- ILL-VERSUS WELL-POSED SINGULAR LINEAR SYSTEMS: SCOPE OF RANDOMIZED ALGORITHMS
- Sen, S.K. ; Agarwal, Ravi P. ; Shaykhian, Gholam Ali ;
- Journal of applied mathematics & informatics, volume 27, issue 3_4, 2009, Pages 621~638
Abstract
The linear system Ax = b will have (i) no solution, (ii) only one non-trivial (trivial) solution, or (iii) infinity of solutions. Our focus will be on cases (ii) and (iii). The mathematical models of many real-world problems give rise to (a) ill-conditioned linear systems, (b) singular linear systems (A is singular with all its linearly independent rows are sufficiently linearly independent), or (c) ill-conditioned singular linear systems (A is singular with some or all of its strictly linearly independent rows are near-linearly dependent).

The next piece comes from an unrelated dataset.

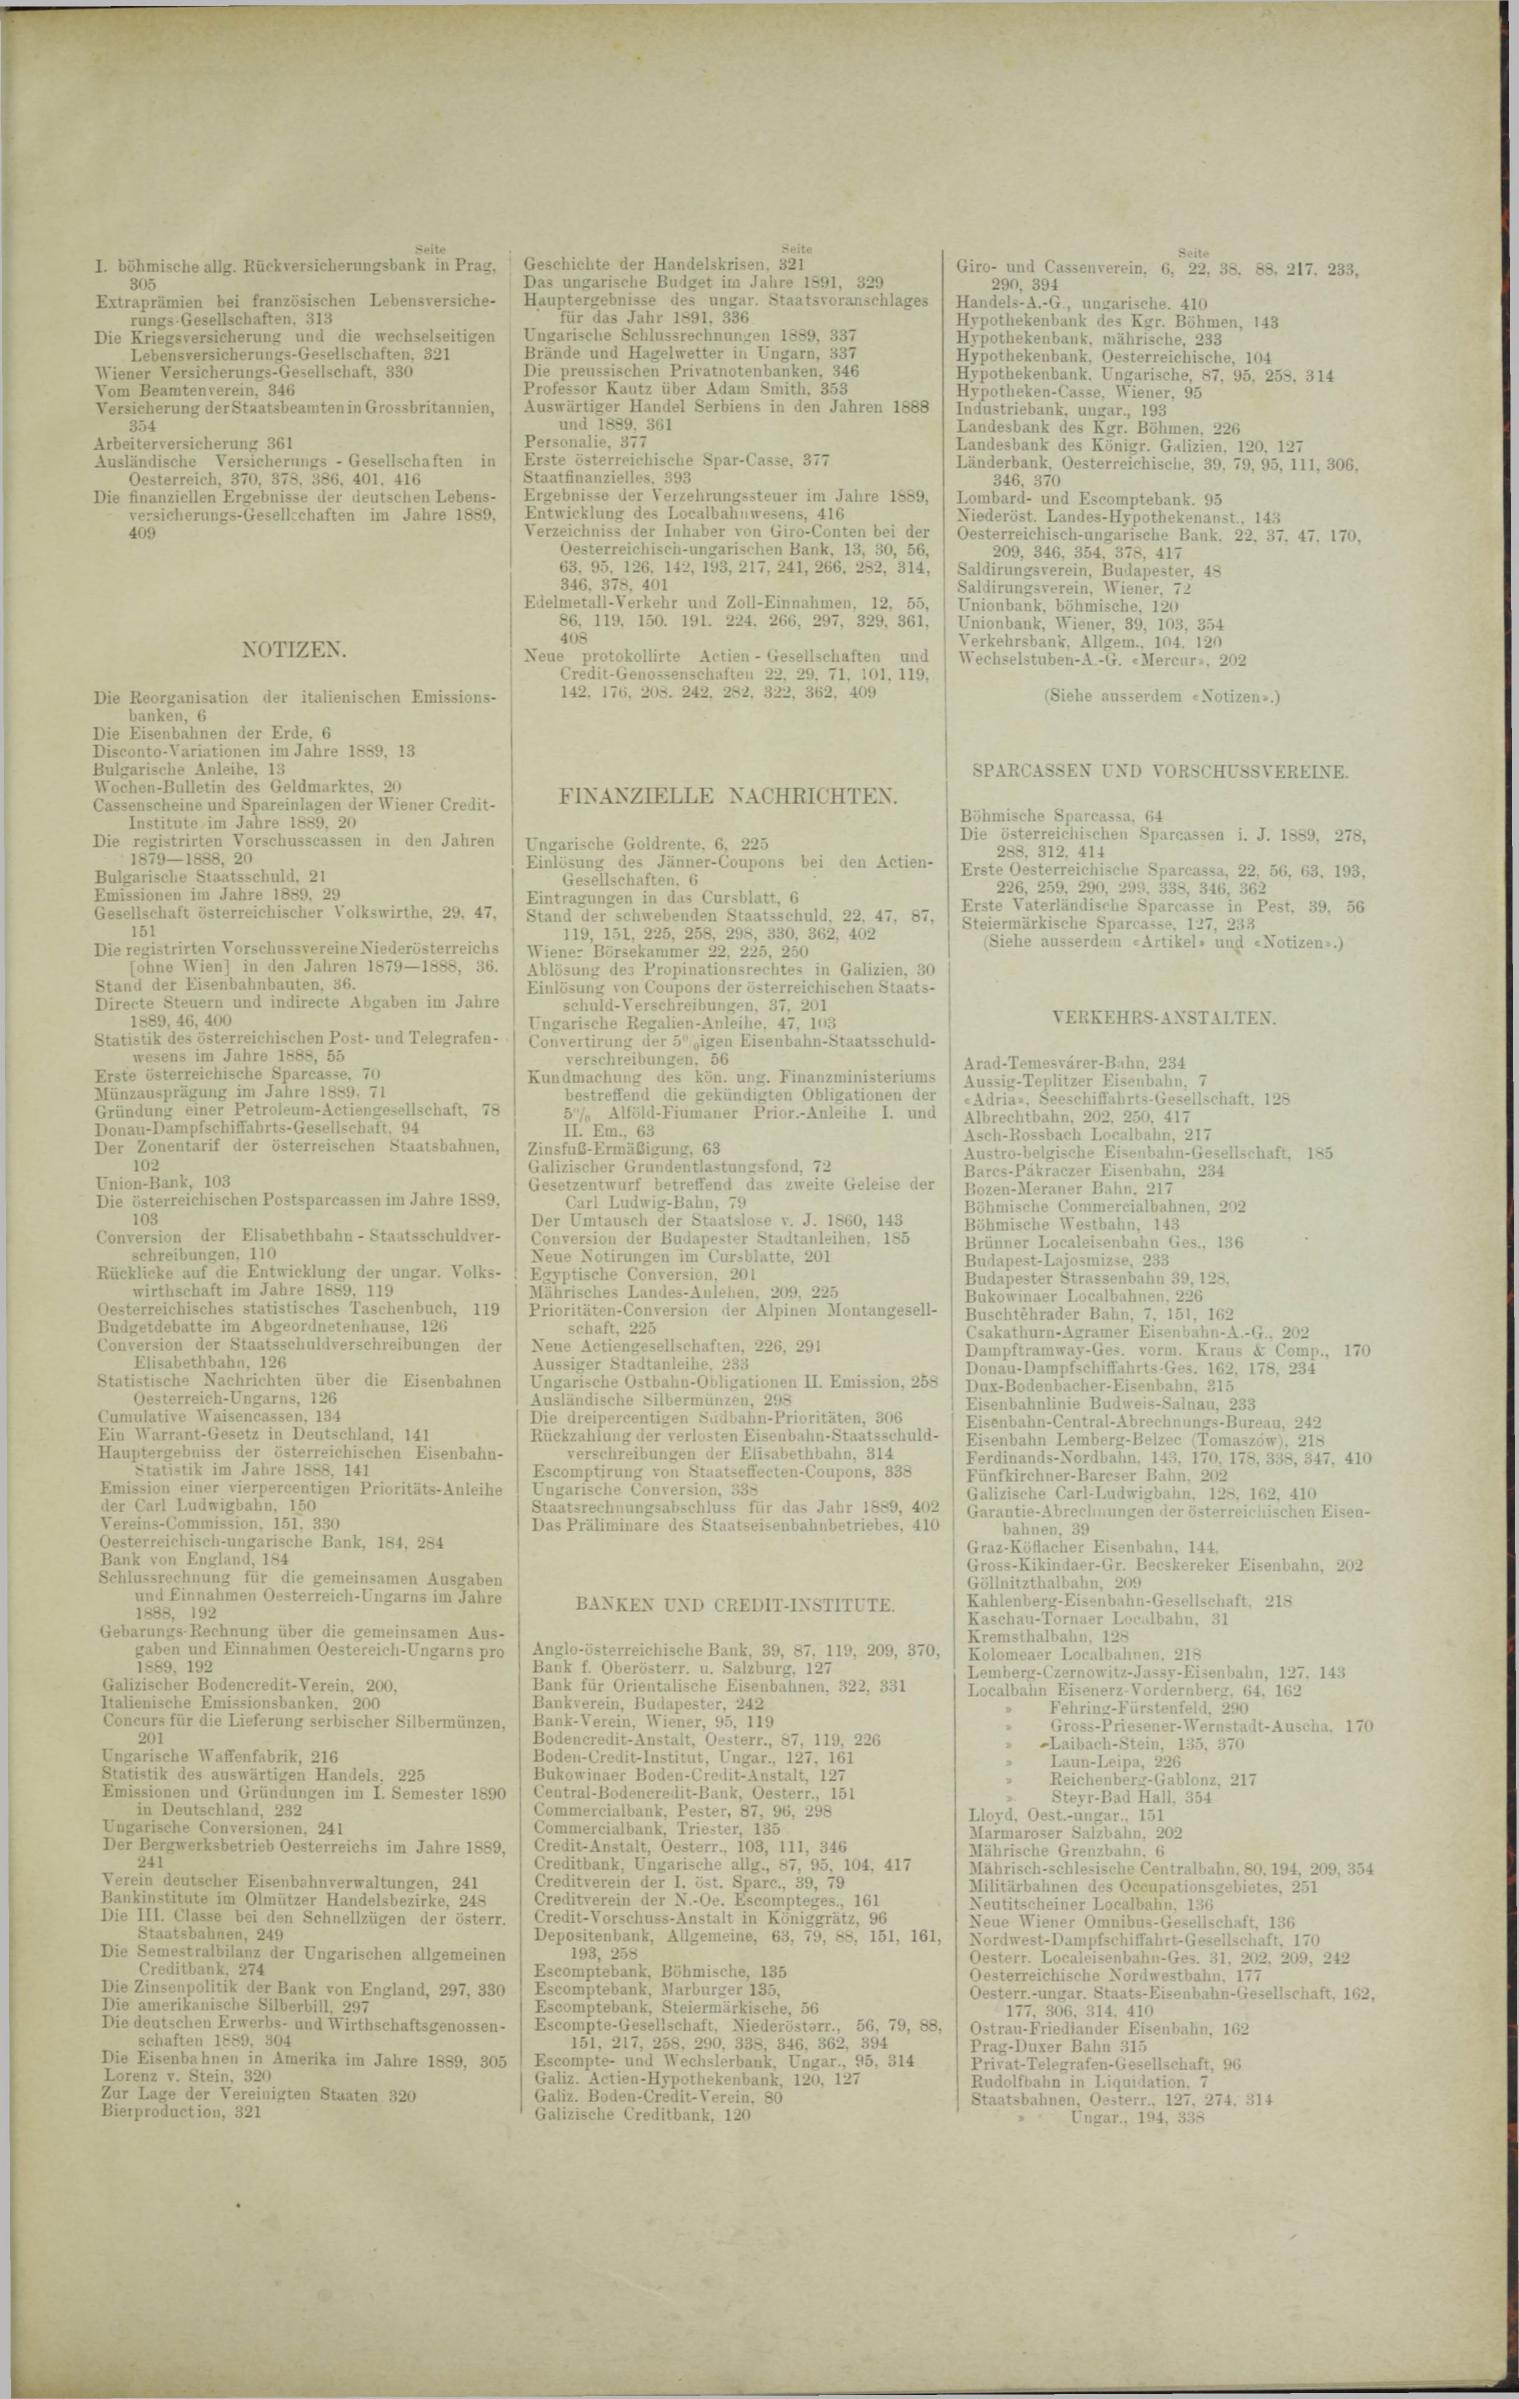 Der Tresor 03.04.1890 - Seite 11

This article highlights the scope and need of a randomized algorithm for ill-conditioned/singular systems when a reasonably narrow domain of a solution vector is specified. Further, it stresses that with the increasing computing power, the importance of randomized algorithms is also increasing. It also points out that, for many optimization linear/nonlinear problems, randomized algorithms are increasingly dominating the deterministic approaches and, for some problems such as the traveling salesman problem, randomized algorithms are the only alternatives.